Os mexicanos começarão a eleger seus juízes no próximo domingo, um exercício inédito que o governo de esquerda defende como luta contra a impunidade, mas que, para os críticos, consolidará um regime autoritário e abrirá caminho para a criminalidade.
A eleição é resultado de uma reforma promovida pelo ex-presidente Andrés Manuel López Obrador (2018-2024), que enfrentou bloqueios judiciais em projetos ambiciosos, de mudanças constitucionais a grandes obras públicas.
Sua sucessora e colega de partido, a esquerdista Claudia Sheinbaum, argumenta que o voto popular ajudará a reduzir os níveis de impunidade: 90% dos casos não resultam em condenação.
Para os críticos, o verdadeiro objetivo é controlar o Judiciário e eliminar o único contrapeso ao partido no poder, que domina o Legislativo e a maioria dos governos estaduais.
"Há quem diga que o povo não sabe. Bem, estão muito enganados. O povo é muito inteligente e sabe em quem vai votar", afirma a popular presidente, que rejeita a ideia de que os mexicanos sejam indiferentes à eleição.

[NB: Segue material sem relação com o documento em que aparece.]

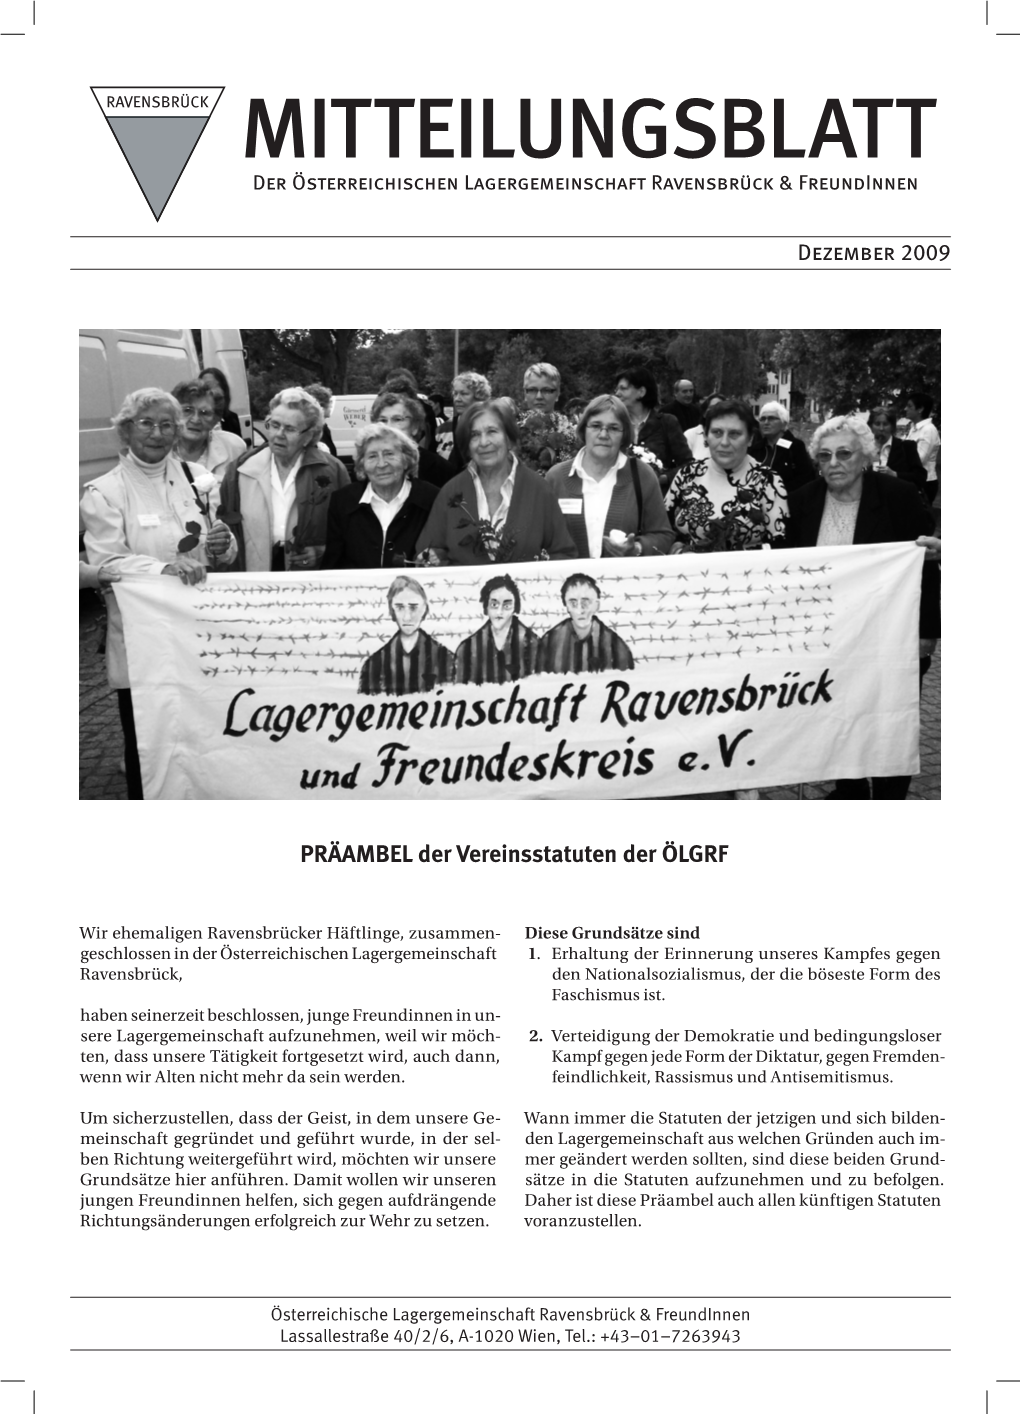 Mitteilungsblatt 2009

No entanto, estima-se que apenas metade dos eleitores saiba a data da eleição e quatro em cada dez têm certeza de que participarão, segundo pesquisas dos jornais El Universal e El País.
Em meio a um claro enfraquecimento dos partidos de oposição, ativistas convocaram protestos no domingo contra esta primeira fase, na qual serão eleitos 2.600 juízes federais e desembargadores de 19 dos 32 estados. Os 4.000 juízes locais restantes serão eleitos em 2027.

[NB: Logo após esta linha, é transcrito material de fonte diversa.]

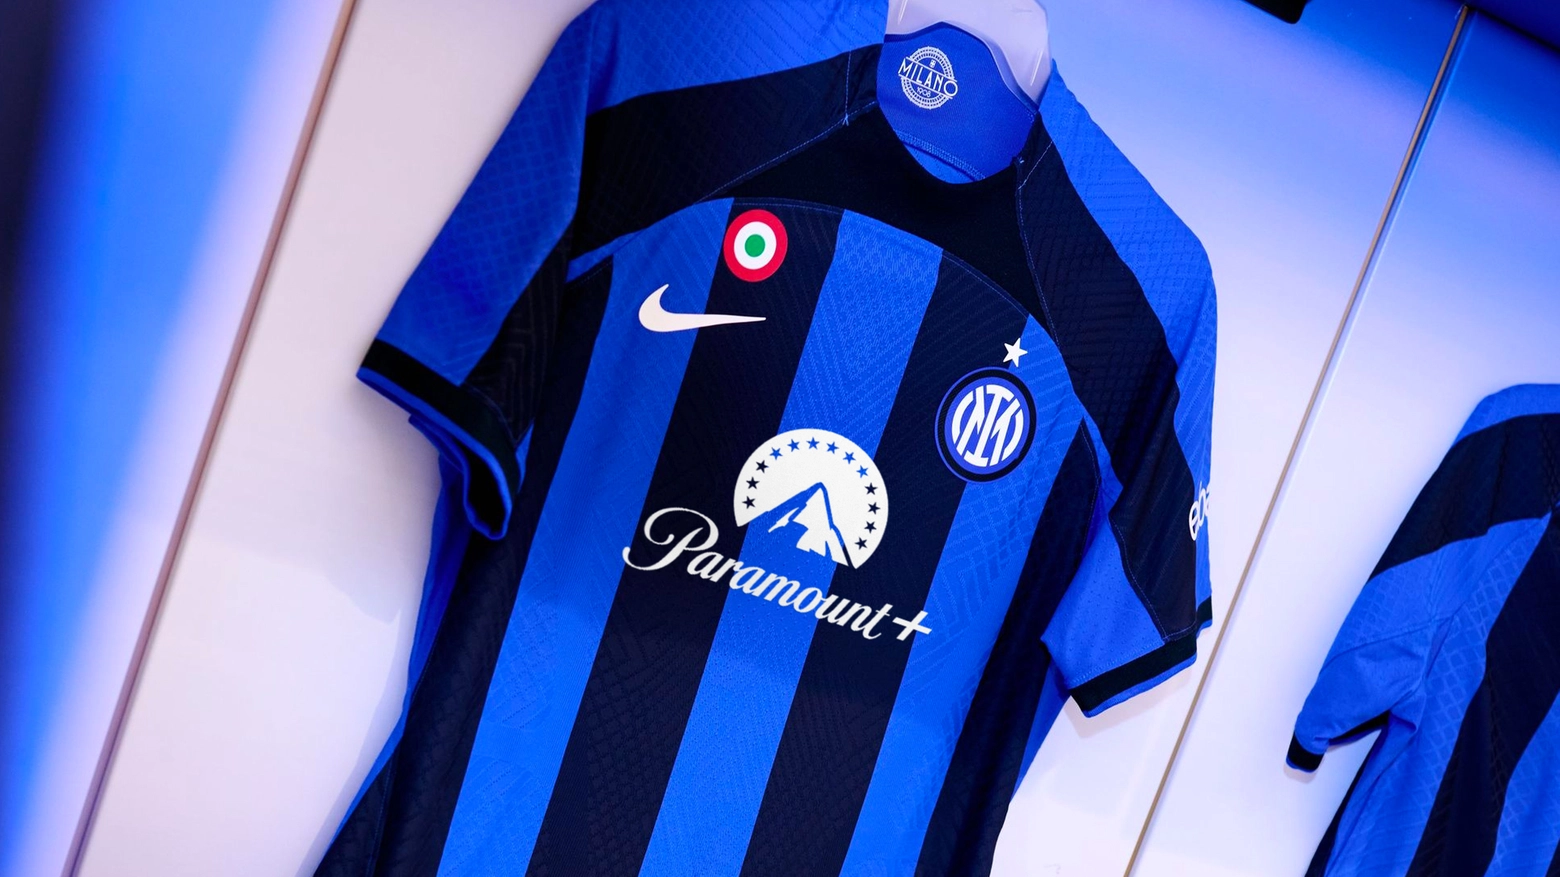 La maglia dell'Inter con il logo Paramount+

A eleição é inédita, pois, embora países como Estados Unidos e Bolívia contemplem a eleição popular de alguns juízes, nenhum a utilizou até agora para nomear todos os magistrados.

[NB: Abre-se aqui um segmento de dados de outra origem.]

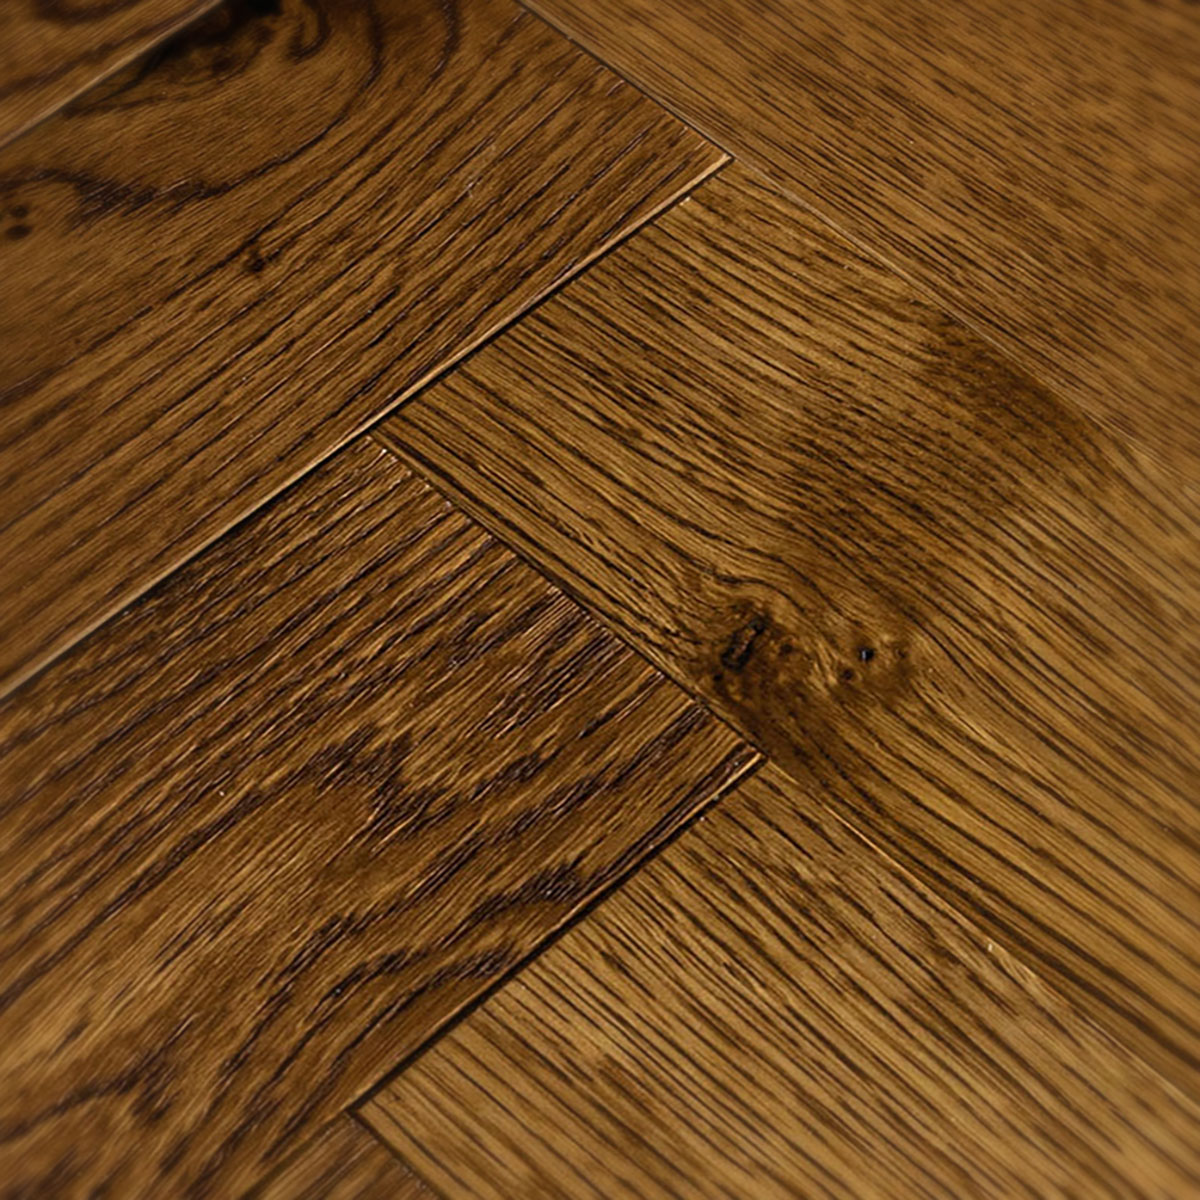 Key Drive - Brushed Rustic Grade Parquet Oak Floor

Embora o processo seja apartidário no papel, especialistas acreditam que a Suprema Corte — uma grande pedra no sapato de López Obrador — poderá contar com uma maioria alinhada ao governo.
- Ex-advogada de "Chapo" -
Em um país assolado pela corrupção e criminalidade, a eleição suscita temores de que os juízes se submetam ao poder político e econômico, ou às ameaças dos traficantes de drogas.
Uma ONG crítica à eleição identificou 19 candidatos acusados de ligações com cartéis, corrupção e abuso sexual.
Silvia Delgado, ex-advogada do traficante de drogas Joaquín "El Chapo" Guzmán, que cumpre prisão perpétua nos Estados Unidos, é candidata a juíza no estado de Chihuahua, no norte do país.
A eventual vitória de um candidato questionável só poderá ser contestada após a votação, da qual participam milhares de selecionados pelos Três Poderes.
A eleição também desafia a independência do Judiciário.
"Isso poderia aumentar o risco de que os candidatos (...) busquem agradar eleitores ou patrocinadores de campanha para aumentar suas chances de reeleição", o que comprometeria a imparcialidade, alertou em um informe Margaret Satterthwaite, relatora especial das Nações Unidas sobre a independência de juízes e advogados.
Para Olimpia Rojas Luviano, advogada de 28 anos, "Justiça não é uma questão de voto" porque, acima de tudo, requer funcionários especializados e experientes.
A sociedade mexicana "não está preparada para esse exercício", acrescentou.